Multi-Paradigm Collaborative Adversarial Attack Against Multi-Modal Large Language Models

This paper proposes MPCAttack, a novel framework that enhances the transferability of adversarial attacks against Multi-Modal Large Language Models by leveraging a Multi-Paradigm Collaborative Optimisation strategy to jointly aggregate and balance visual and textual semantic representations for more effective global perturbation.

Yuanbo Li, Tianyang Xu, Cong Hu, Tao Zhou, Xiao-Jun Wu, Josef Kittler

Published 2026-03-06
📖 4 min read☕ Coffee break read

Imagine you have a super-smart robot friend (a Multi-Modal Large Language Model, or MLLM) that can look at a picture and tell you a story about it. It's like a detective that combines what it sees with what it knows about the world.

But, just like any smart person, this robot can be tricked. If you show it a picture with a tiny, almost invisible sticker on it (an adversarial perturbation), the robot might suddenly think a picture of a cat is actually a dog, or that a living room is a kitchen.

The problem is that most people trying to trick these robots use a "one-trick pony" approach. They try to confuse the robot using only one way of thinking (like only looking at colors, or only looking at shapes). But because the robot is so smart and uses many ways of thinking, a single trick often fails. The robot sees through it.

The New Idea: The "Swiss Army Knife" Attack

This paper introduces a new method called MPCAttack. Instead of using just one trick, the researchers built a "Swiss Army Knife" of tricks. They realized that to really fool a super-smart robot, you need to attack it from multiple angles at the same time.

Here is how they did it, using some fun analogies:

1. The Three Different "Detectives" (The Paradigms)

Imagine you are trying to trick a security guard. Most attackers hire just one detective to figure out the guard's routine. This paper says, "Let's hire three different types of detectives, each with a unique superpower":

  • Detective A (The Matchmaker): This detective is great at matching pictures to words. If you show it a photo of a beach, it knows the word "sand" fits perfectly. It focuses on how well the image and text line up.
  • Detective B (The Storyteller): This detective doesn't just match words; it understands the story. It knows that a picture of a beach implies "vacation," "sun," and "relaxation." It looks at the deep meaning and relationships between things.
  • Detective C (The Pattern Spotter): This detective is a master of visual patterns. It doesn't care about words; it just sees shapes, textures, and lighting. It knows that a specific pattern of pixels usually means "sky."

2. The "Team Huddle" (Collaborative Optimization)

In the past, attackers would ask Detective A for a trick, then ask Detective B for a different trick, and just mash them together. It was like a team where everyone shouted their own ideas without listening to each other. The result was a messy, confused attack that the robot could easily spot.

MPCAttack changes the game by making the detectives hold a Team Huddle.

  • They compare notes.
  • They say, "Hey, Detective A, your trick is good for matching words, but Detective C's trick is better for hiding the shape. Let's combine them."
  • They create a single, perfect trick that satisfies all three detectives at once.

This "huddle" ensures the trick isn't just good at fooling one type of thinking; it's good at fooling all types of thinking simultaneously.

3. The Result: A Master Illusionist

Because this new attack method (MPCAttack) uses all three perspectives together, the "sticker" it puts on the image is incredibly powerful.

  • The Old Way: Like trying to trick a guard by wearing a fake mustache.

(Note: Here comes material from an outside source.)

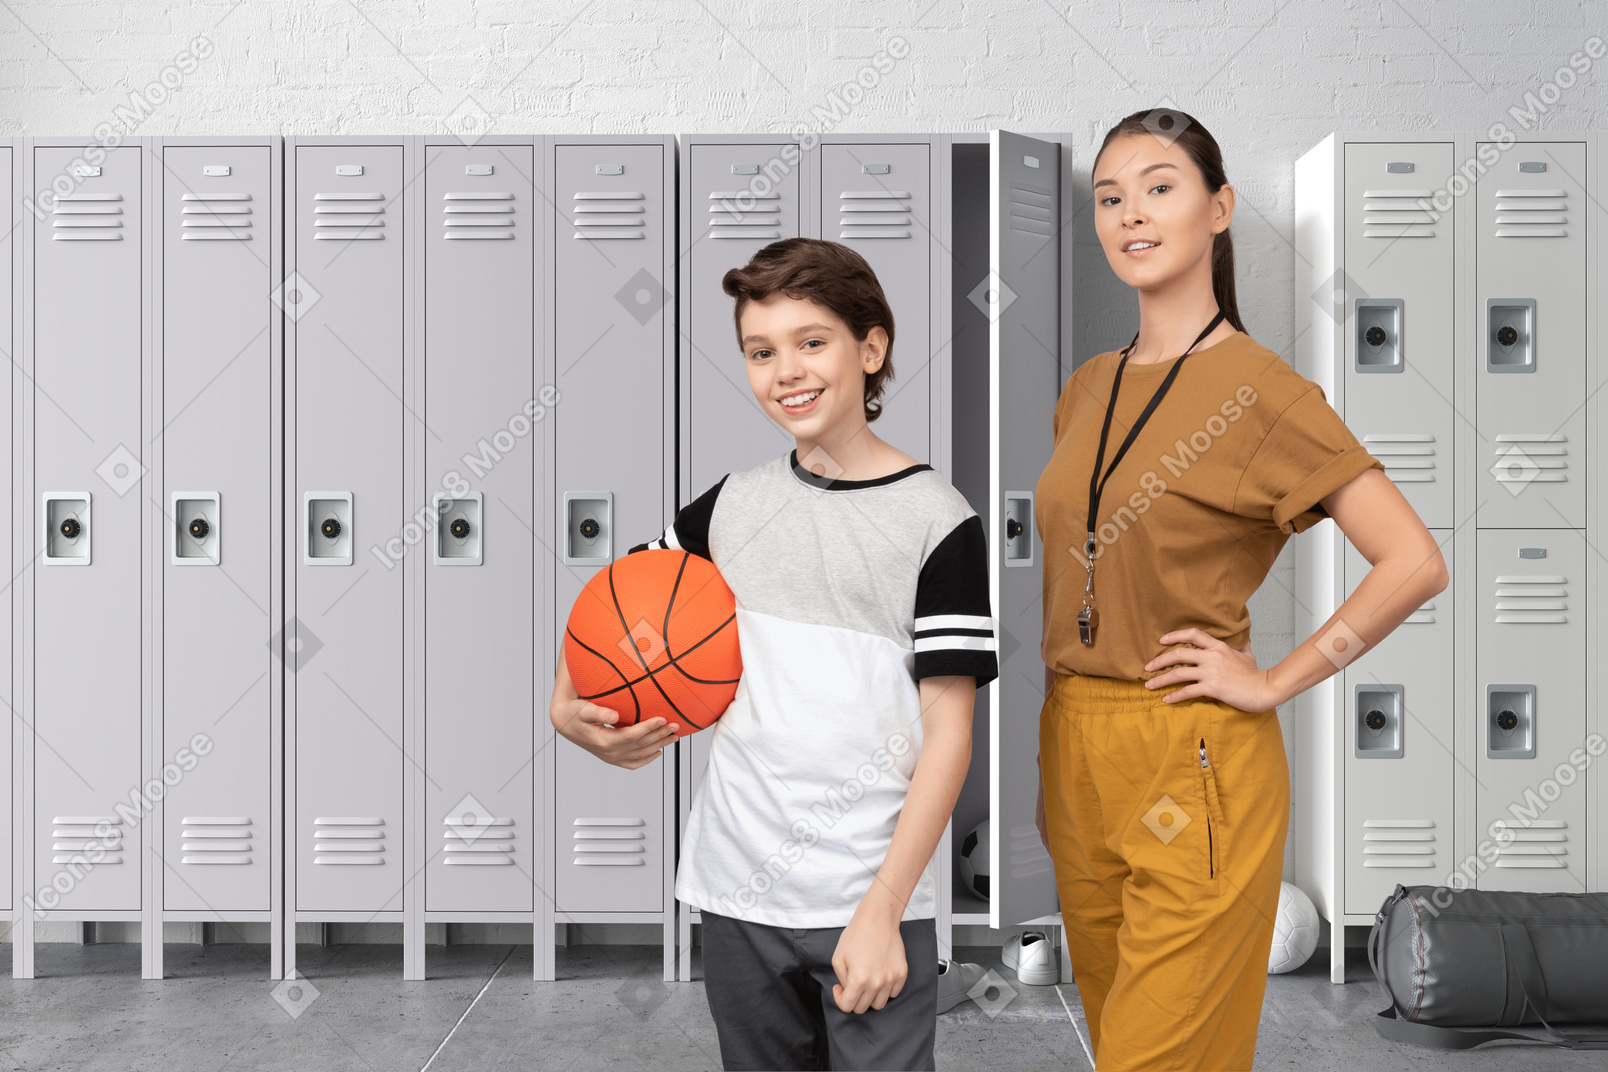 Boy with basketball standing next to female trainer

The guard might look past it.
  • The MPCAttack Way: Like a magician who changes the lighting, the music, and the costume all at once. The guard is so overwhelmed by the combined effect that they completely believe the illusion.

Why Does This Matter?

The researchers tested this on both open-source robots (like LLaVA) and famous closed-source robots (like GPT-4o and GPT-5).

  • The Results: The new method was a huge success. It fooled the robots much more often than any previous method.
  • The Lesson: It turns out that to break a complex system, you can't just use a hammer. You need a whole toolbox, and you need to use the tools together, not separately.

In a Nutshell

This paper teaches us that to understand (or break) the security of advanced AI, we need to stop thinking in just one way. By combining different "languages" of vision and understanding, we can create attacks that are much harder to defend against. This helps scientists find the weak spots in AI before bad actors do, making our future AI systems safer.

The takeaway: If you want to trick a genius, don't just use one argument. Use a team of experts who talk to each other to build the ultimate, unbreakable argument.